We are at this moment in time on time and on budget for first half of 2024 opening of Conway. Roughly 70% of all of that original phase one volume is under contract. We are opening phase two marketing officially this afternoon after this call. Most of that will come on in late 2024, so you won't see it impact the 2024 numbers, but you will see in 2025 and 2026 EBITDA that under our original thinking, which was all outside of the guesstimates we had to do over the three-year forecast period for our filings, we're talking about EBITDA that we expected to bring on in maybe 2027, 2028, 2029. We're talking about bringing some of that on now in 2025, 2026.
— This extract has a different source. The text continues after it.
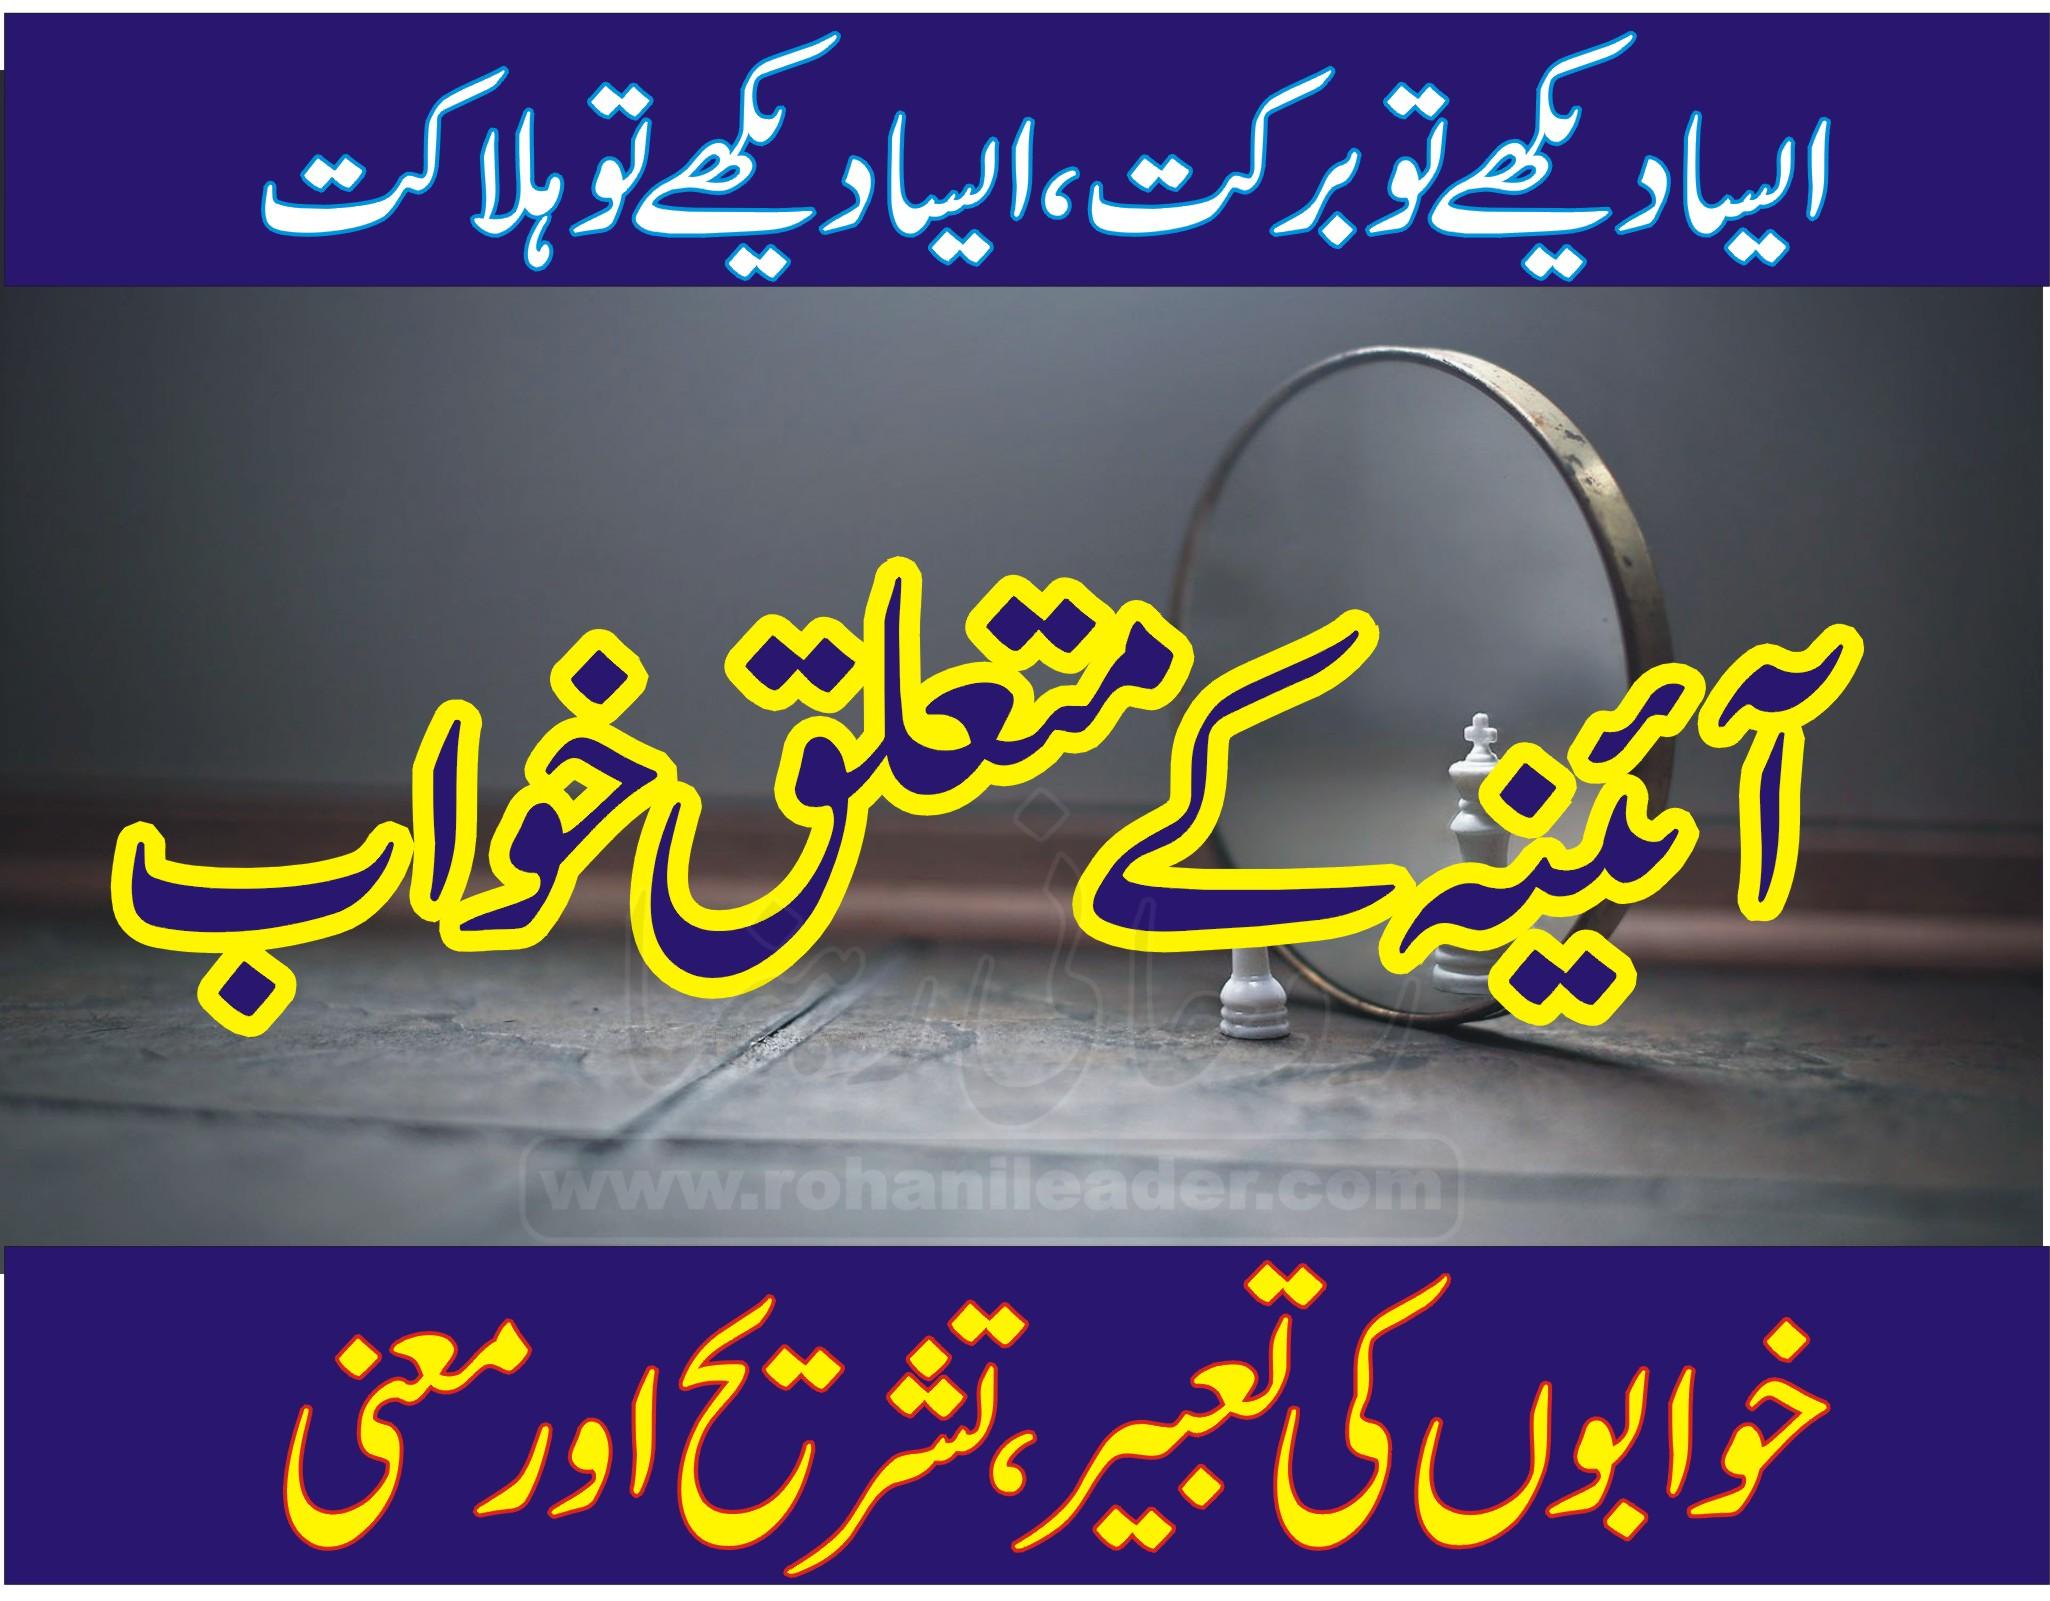 khwab mein aina dekhna |خواب میں آئینہ یا شیشہ دیکھنا urdu

It is additive to the 256 numbers as those assets come on late 2024 is our current thinking. The other material thing in Conway, and we put out a smaller press release on this last week, is that we have brought in two really world-class manufacturing executives, including to be the VP & GM, if you will, of the Conway facility. We went out after the world's finest plant operating leader in the ready-to-drink space that had done these exact products for these exact types of customers in the can and bottle and extract world. Cedric Smith joined our team about six weeks ago now, previously with another firm that did similar kinds of canning and bottling. Nicolas Lorenz has joined us from a large plastic operation in Germany.

He is a world-class seasoned executive, and those two guys are now putting together the team. We've got about a 10 or 12-person senior leadership team in Conway from quality, product development, safety, et cetera, and they're putting that team together. All of that is on time and on schedule as well right now, and we are thrilled to have those two guys and several people that they're bringing on board already.

Sarang Vora
Analyst, Telsey Advisory Group

That's great. Good luck with the progress.

Operator

Thank you. I see no further questions in the queue. I would now like to turn the conference back to Scott Ford for closing remarks.

Scott Ford
Co-founder and CEO, Westrock Coffee Company

All right. Well, we appreciate your interest. We appreciate your support. We'll be around to follow up with questions through the normal course. I think we're gonna be at the Stephens Conference in Nashville on Wednesday, and we look forward to conversations with you as we go into the end of the year. Thanks so much.

Operator

This concludes today's conference call. Thank you all for participating. You may now disconnect and have a pleasant day.